Photoacoustic imaging of the human brain has great potential to contribute to rapid diagnosis of strokes and other brain injuries, thus contributing to more effective treatment. Photoacoustics is based on the optical excitation of an ultrasound wave in an optical absorber such as blood. Sudden absorption of nanosecond-long laser pulses generates sound waves in blood vessels - these ultrasound waves are measured and reconstructed on the surface of the tissue by ultrasound sensors, enabling three-dimensional imaging of perfusion. This project focuses on high power laser diode arrays as photoacoustic excitation sources and investigates how these pulsed laser diodes can be used to overcome the technical challenges in transcranial photoacoustic imaging.

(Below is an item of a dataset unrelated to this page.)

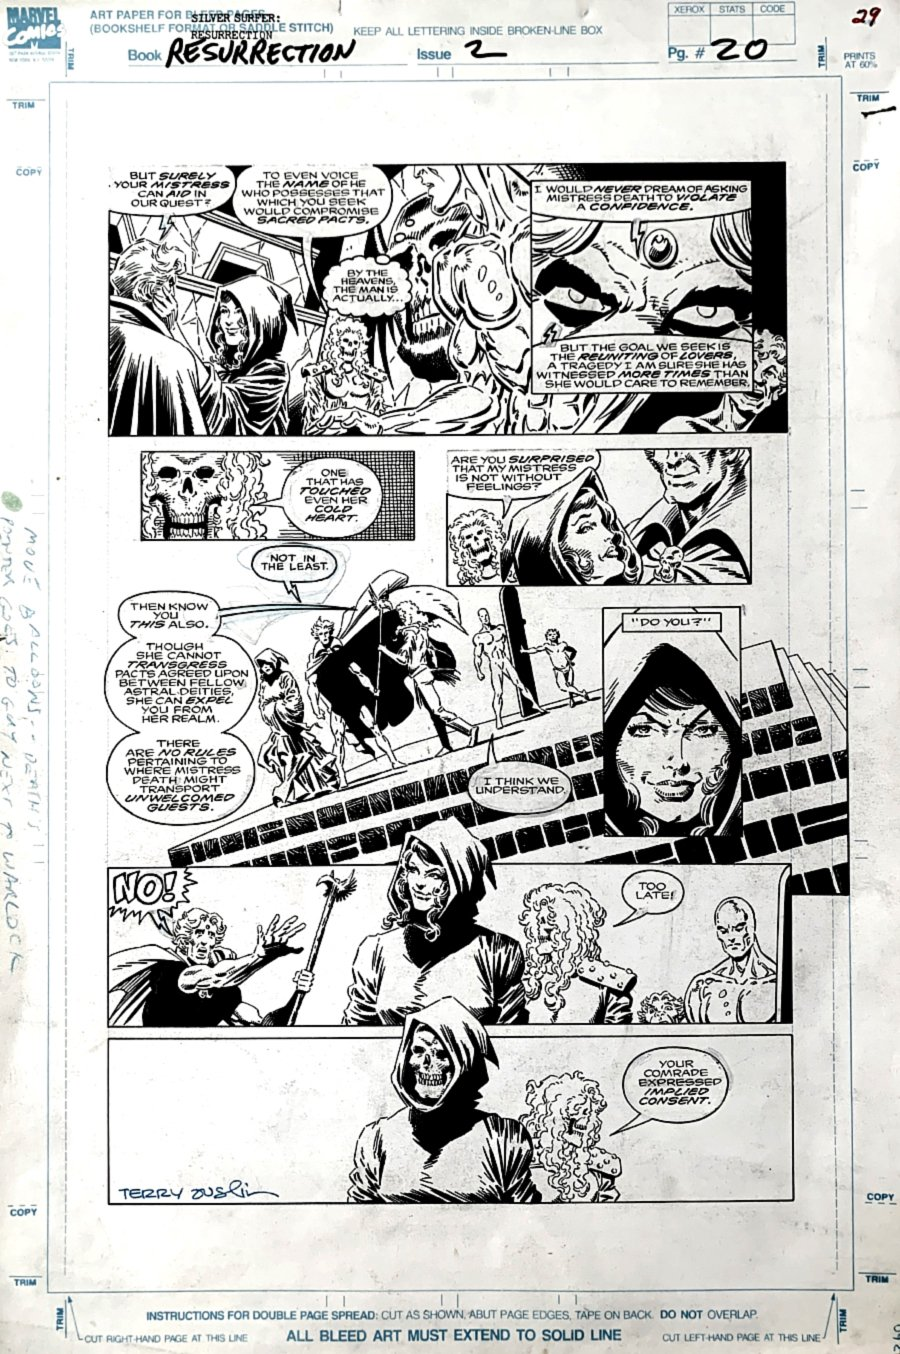 Silver Surfer / Warlock: Resurrection #2 p 20 (Adam Warlock, Silver Surfer, Death, Pip) LARGE ART - 1992

Investigators: Thomas Kirchner (PI)

Funder: European Regional Development Fund (ERDF)

PhotoHEAR - Development of technology for a photoacoustic hearing aid

The photoacoustic effect can be used to generate audible sound. This project aims to investigate the feasibility of  a photoacoustic-excitation-based bone conduction hearing aid as an alternative or supplement to conventional devices. Bone conduction hearing devices are clinically effective for patients with a functioning inner ear, suffering from conductive or mixed hearing loss. In this work, a modulated laser beam is used to excite sound in the skull, which is conducted to the cochlea in bone. Different excitation and modulation techniques are investigated and evaluated with the goal of attaining sound across the entire audible frequency range for music and speech recognition. To evaluate clinical feasibility, experiments will be performed on a skull phantom that mimics the properties of the human skull.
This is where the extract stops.